FreeGaussian: Guidance-free Controllable 3D Gaussian Splats with Flow Derivatives

Chen, Qizhi, Qu, Delin, Tang, Yiwen, Song, Haoming, Zhang, Yiting, Wang, Dong, Zhao, Bin, Li, Xuelong

arXiv.org Artificial Intelligence 

Reconstructing controllable Gaussian splats from monocular video is a challenging task due to its inherently insufficient constraints. Widely adopted approaches supervise complex interactions with additional masks and control signal annotations, limiting their real-world applications. In this paper, we propose an annotation guidance-free method, dubbed FreeGaussian, that mathematically derives dynamic Gaussian motion from optical flow and camera motion using novel dynamic Gaussian constraints.

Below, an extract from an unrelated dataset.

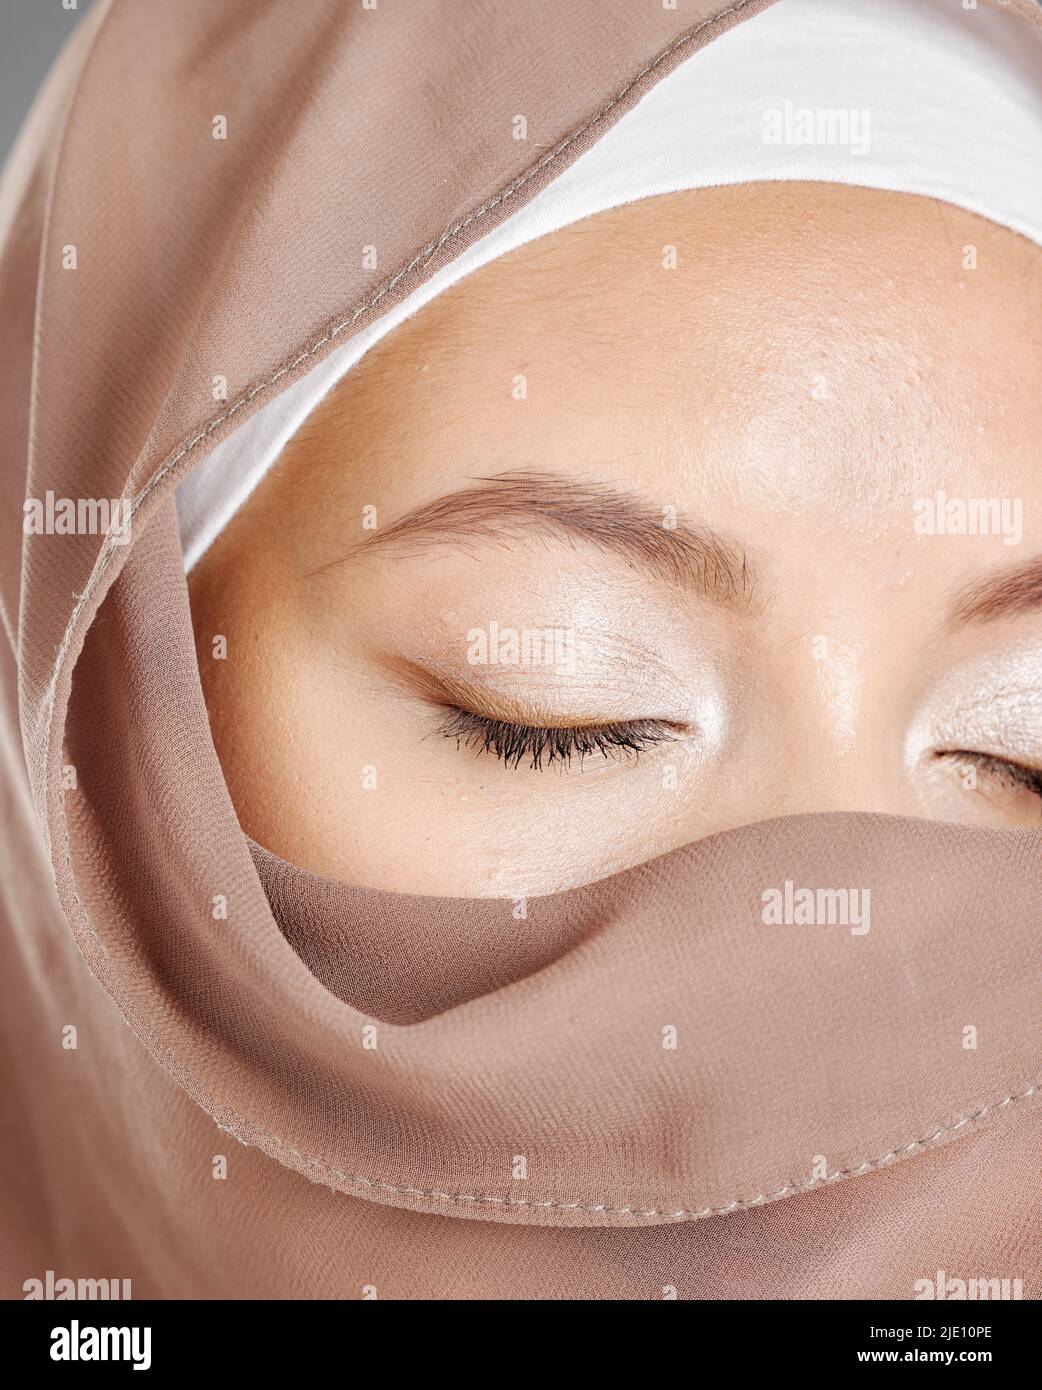 Bescheidene arabische Frau, die Make-up trägt und das Gesicht mit einem braunen traditionellen Hijab bedeckt ist. Nahaufnahme einer schönen jungen muslimischen Frau mit strahlender Haut und Stockfoto

By establishing a connection between 2D flows and 3D Gaussian dynamic control, our method enables self-supervised optimization and continuity of dynamic Gaussian motions from flow priors. Furthermore, we introduce a 3D spherical vector controlling scheme, which represents the state with a 3D Gaussian trajectory, thereby eliminating the need for complex 1D control signal calculations and simplifying controllable Gaussian modeling. Quantitative and qualitative evaluations on extensive experiments demonstrate the stateof-the-art visual performance and control capability of our method. Mainstream methods Yu et al. (2023a); Fridovich-Keil et al. (2023) have recently achieved high-quality real-time rendering via 3D Gaussian representation Kerbl et al. (2023b) and extended to scene-level using large-scale annotated datasets (Qu et al., 2024).